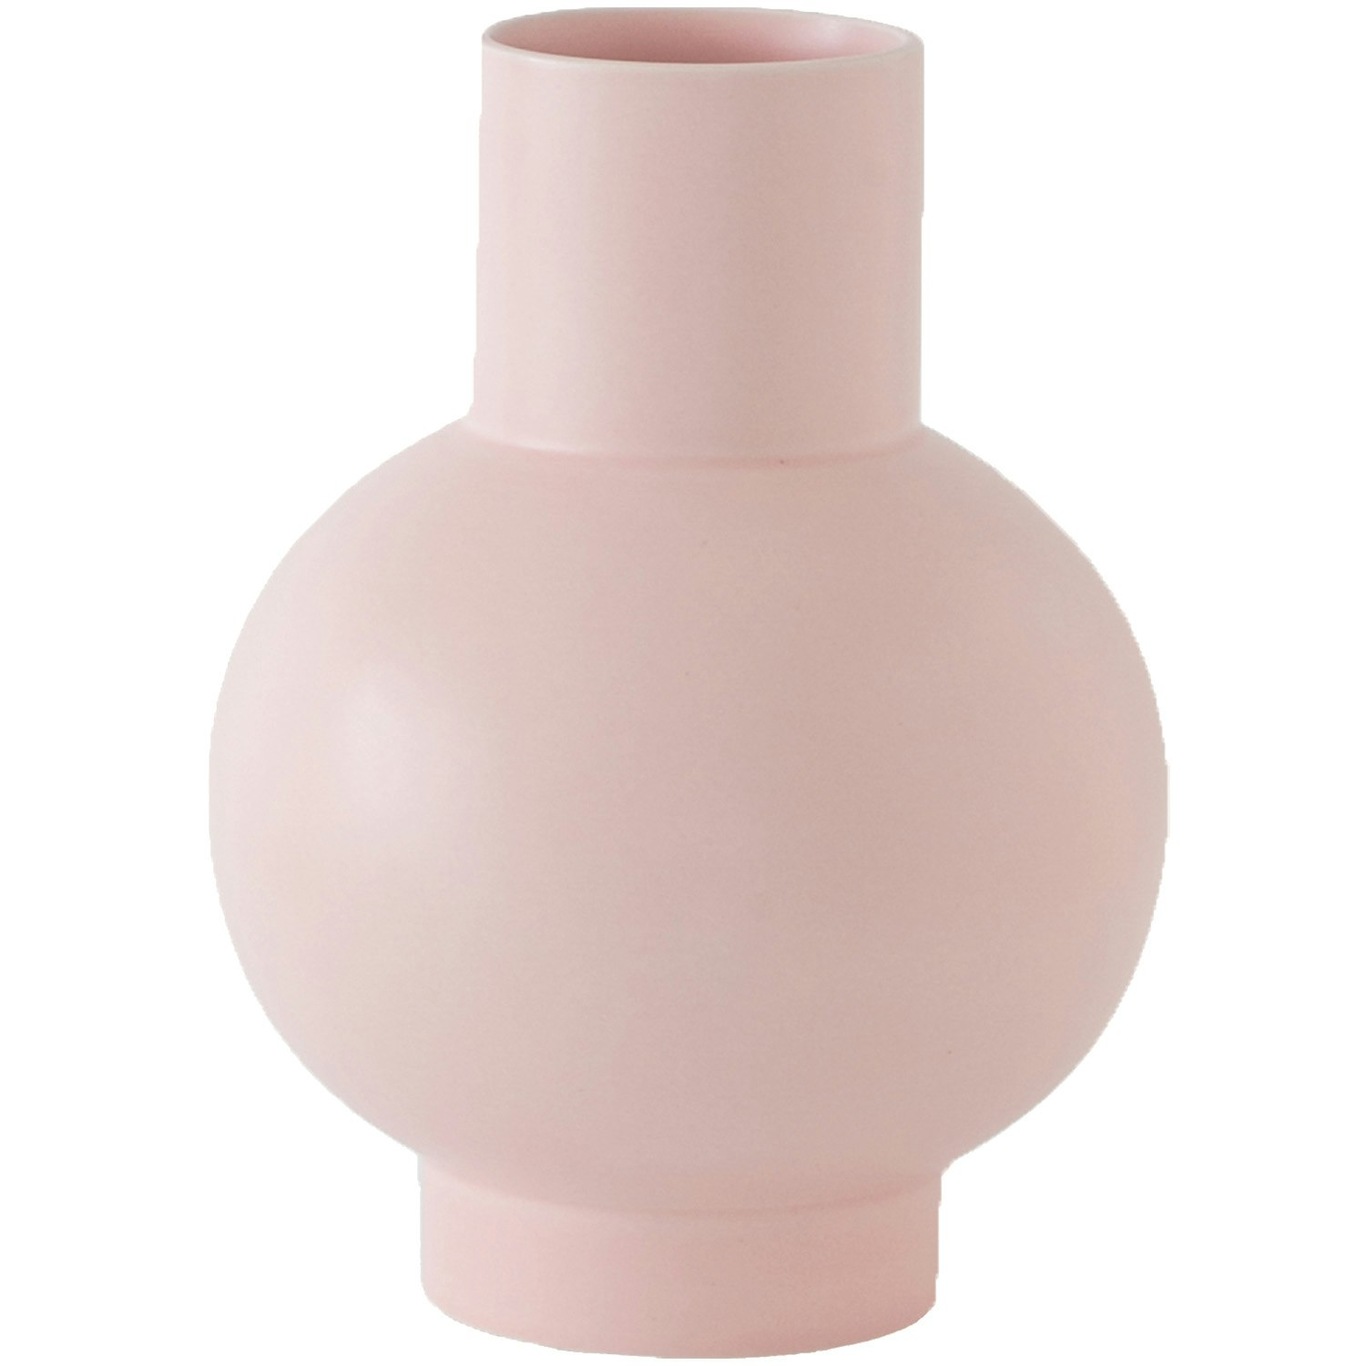 Strøm Vase 24 cm, Coral Blush
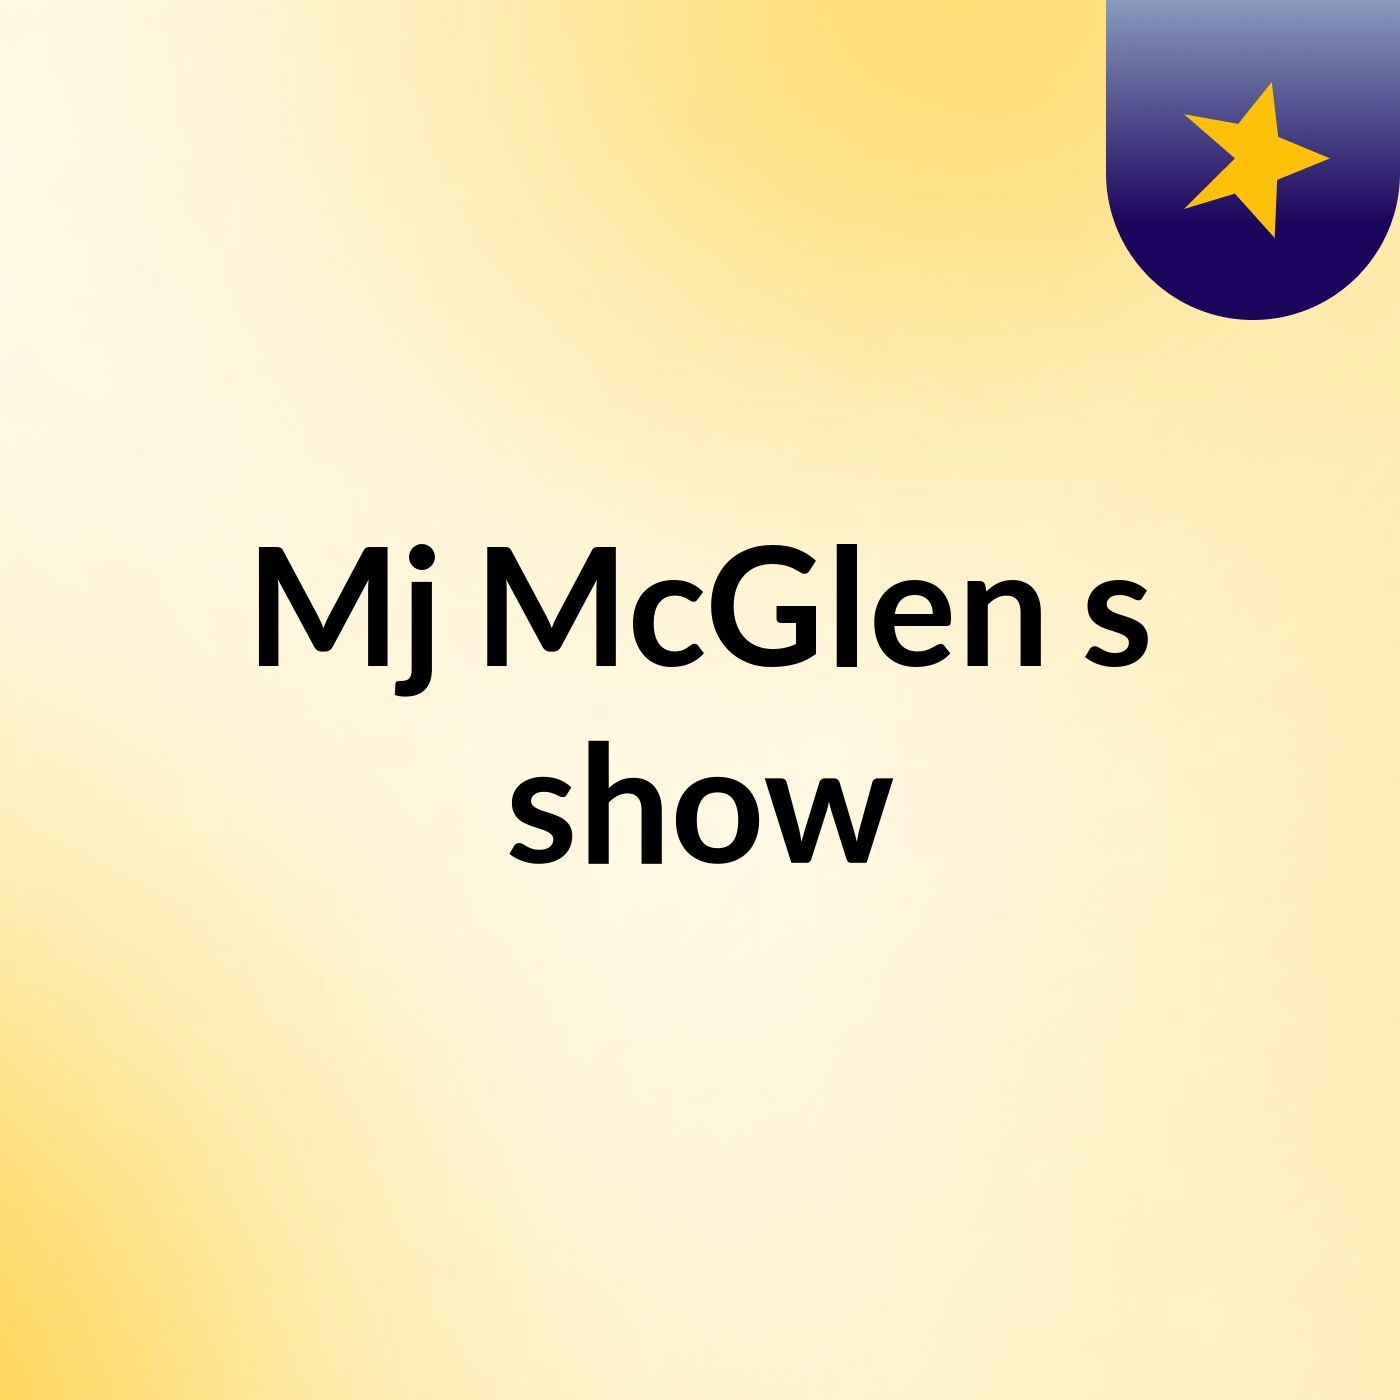 Episode 2 - Mj McGlen's show
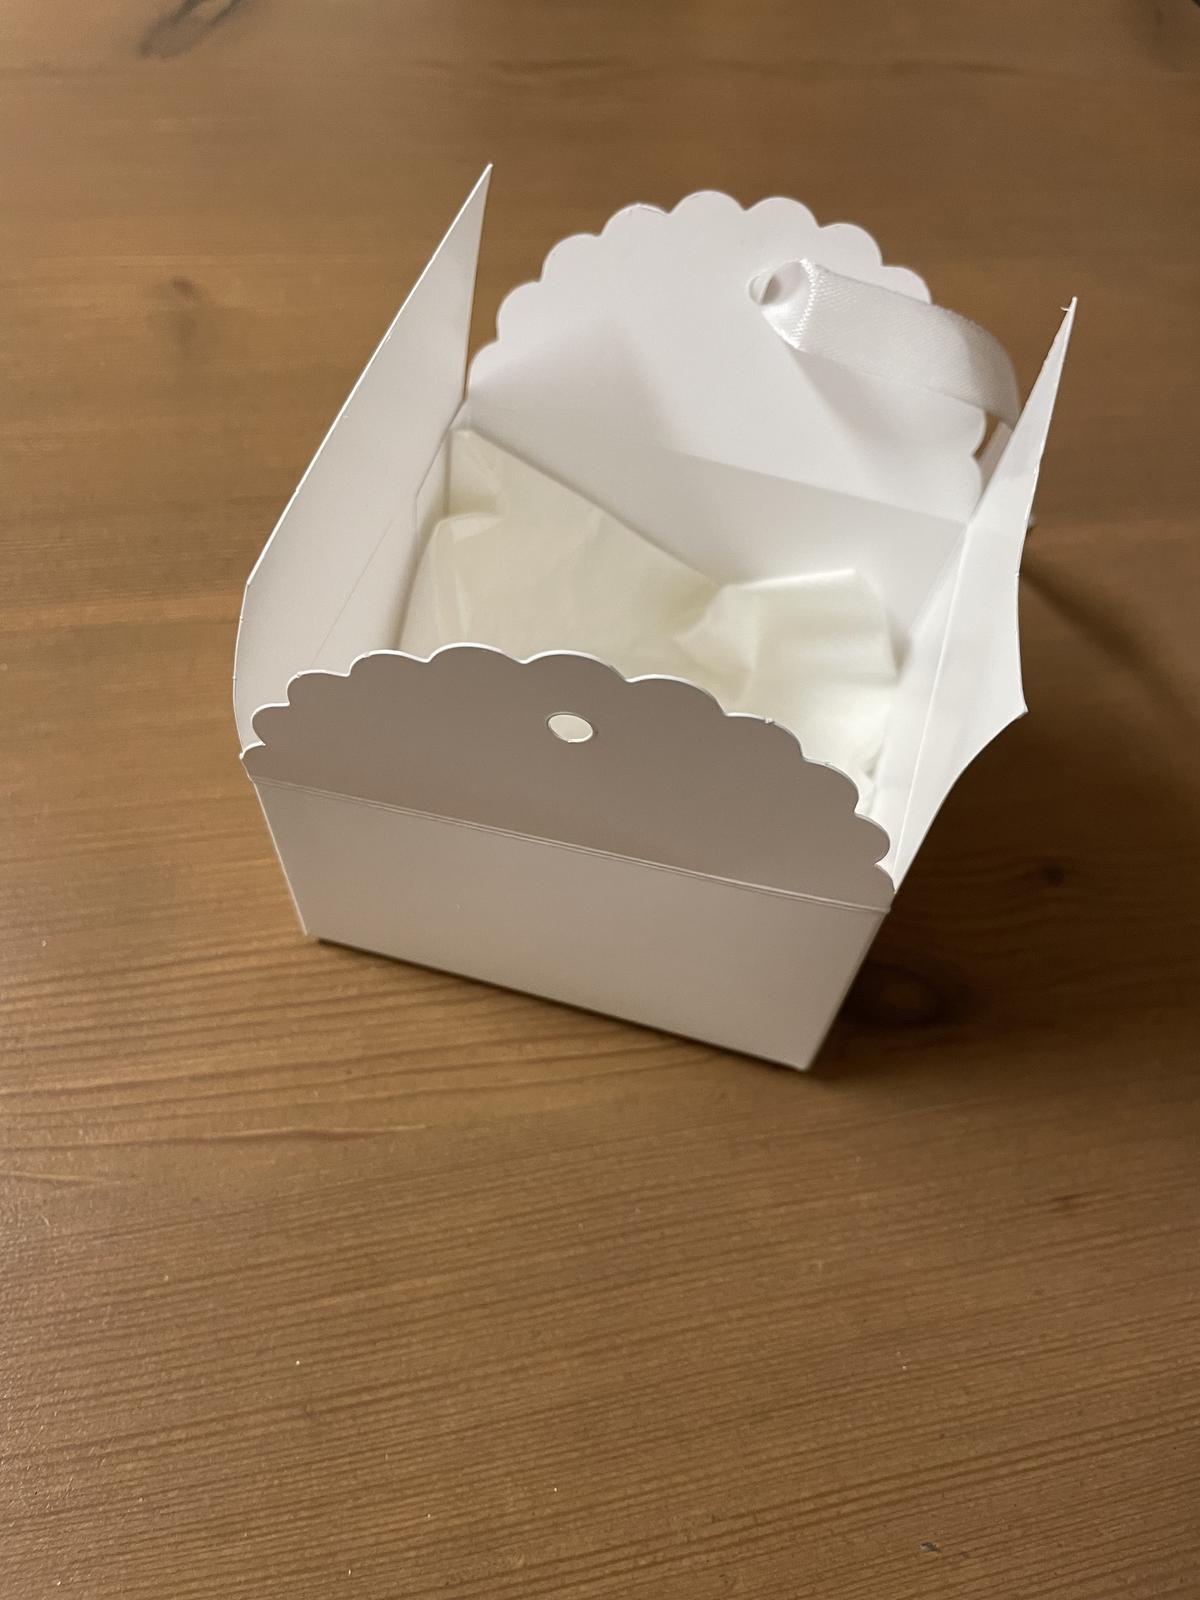 Krabičky na koláčky se stuhou - Obrázek č. 1

• Problem requirements:
With pictures omitted, copy exactly the lines from the one containing "Episode 2 - Mj McGlen's show" through the final line of the listing, both included.

• Reply to the task:
 Episode 2 - Mj McGlen's show
 Krabičky na koláčky se stuhou - Obrázek č. 1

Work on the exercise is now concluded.